Tonight’s gig was a charity event organised by Jess Hall to raise money for Christian Aid. She is also running the London Marathon. You can find out more and make a donation here.
To start off the night, Dan Rawle performed a mixture of light-hearted and emotional songs to a largely empty room. It wasn’t really my sort of thing, but I’ve got mad respect for anyone who can stand up and play to only a few people. He did a good job of warming up the room and, as usual, his mates and colleagues from PMT (Oxford’s largest music shop) heckled throughout (they’re all nice chaps)!
Next up was Matt Chanarin. He had a strong voice and his lovely acoustic hand-tone and dirty, jazzy fills were fantastic. The only thing that really detracted from his performance was his affected Jamaican lilt.
My Crooked Teeth, solo project of Toliesel frontman Jack Olchawski, was next. I really enjoyed the way he attacked his guitar, but I felt that some of the songs would sound better with a band. Vocally powerful and lively onstage, Jack’s was the best performance so far.
A band who have garnered a decent local following in recent months is Empty White Circles.

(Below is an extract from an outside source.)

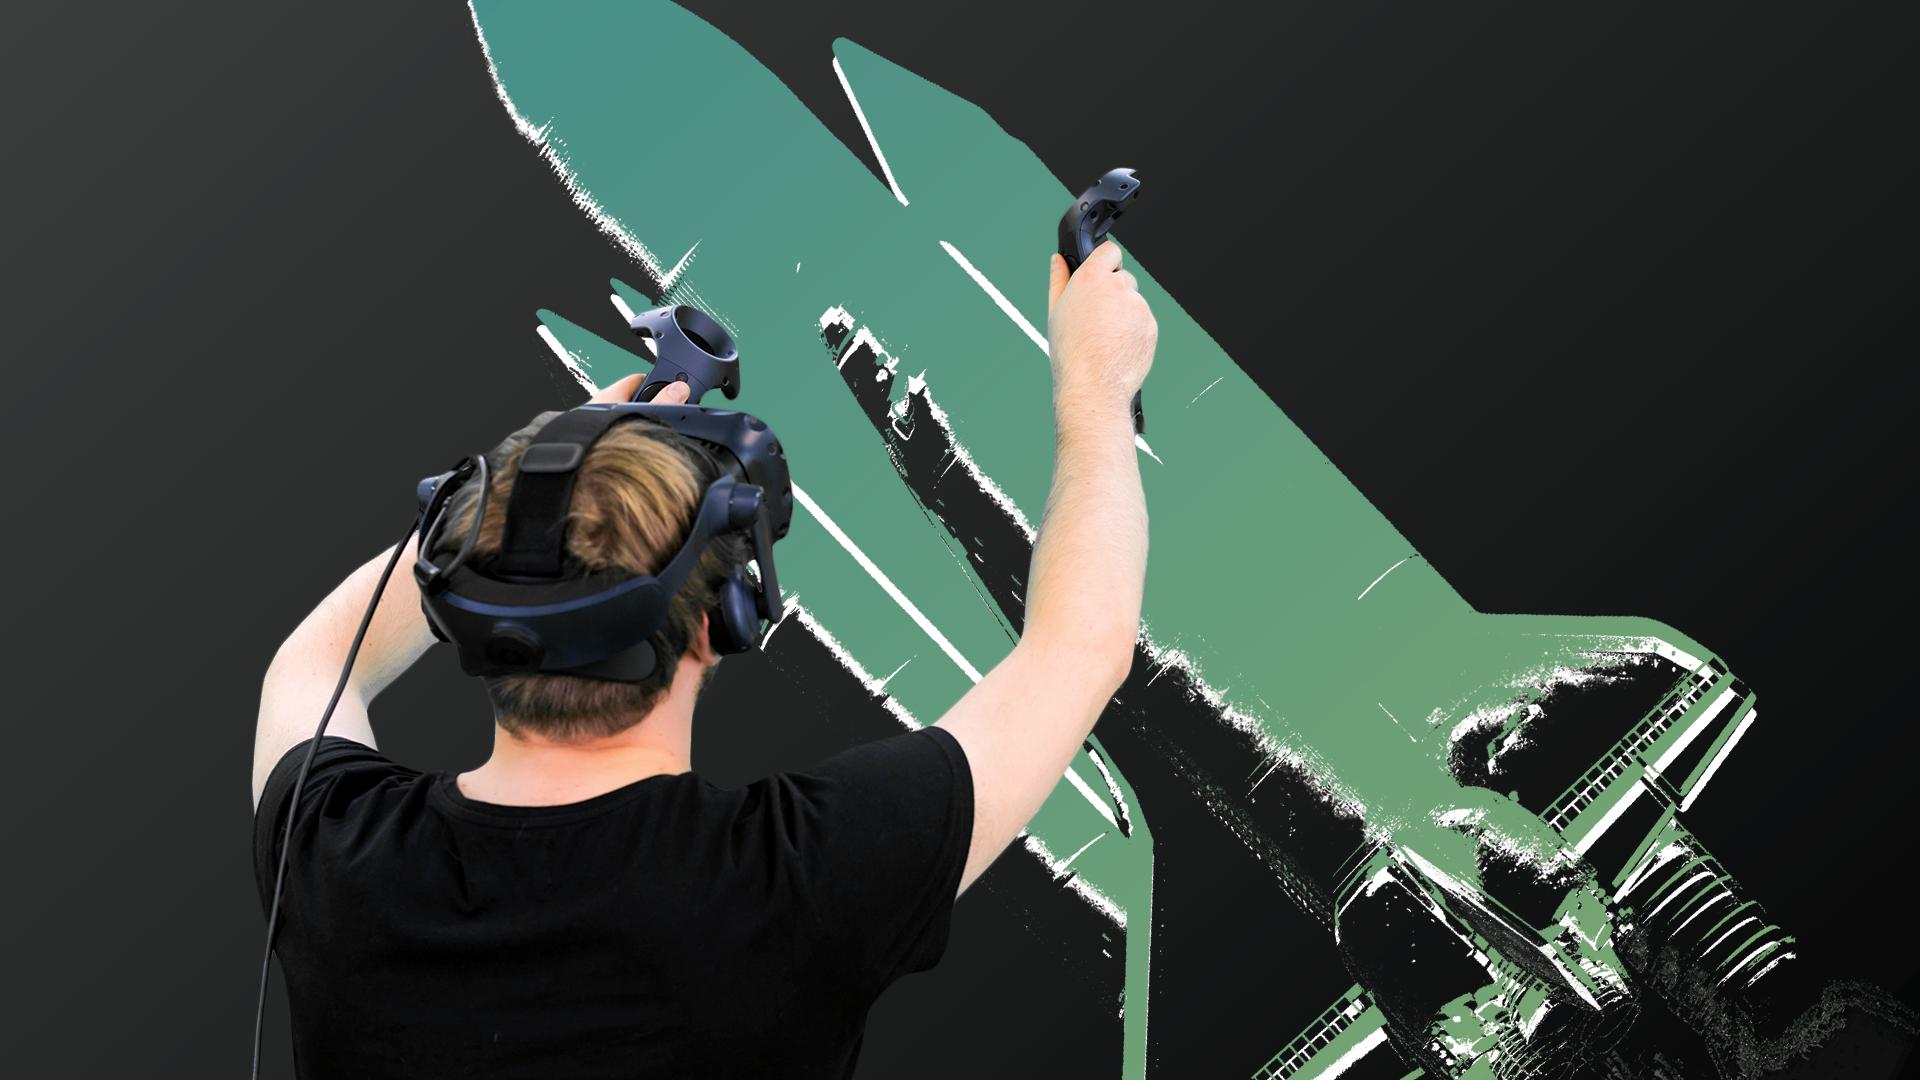 thumbnail rakieta kreatywne aplikacje VR

Their particular brand of soft Americana has been described as parent-friendly, and I would largely agree. As well as being the band’s other main songwriter, Sean Duggan is their poster boy; his adoring fan club were out in force. Also of note was a surprising cameo from Jeff Wode’s lead guitarist. His gyrations and searing noise solos made for quite a spectacle.
Bethany Weimers had a kind of sexy, intense PJ Harvey thing going on. Her performance was quite unsettling, but the songs, particularly those later in the set, were solid.
My least favourite of tonight’s offerings were The Cooling Pearls. It’s still pretty unusual to see a girl playing in a band, so it was nice to see a lady violinist up on the stage. They had some nice arrangements but they were sadly let down by some uninspiring vocals.
Up next was Jess Hall. Again, not really my cup of tea, but she had a great voice and some nice songs. Impressively, she managed to silence the now-crowded room with an a capella traditional folk ballad. Her love of folk was also reflected in her choice of this evening’s acts, all of whom were of a folky bent.
Family Machine’s creative use of a Korg Kaos Pad, a weird electric glockenspiel instrument, tight basslines, solid drumming and spot-on harmonies made their performance the best of the night. They were fucking great.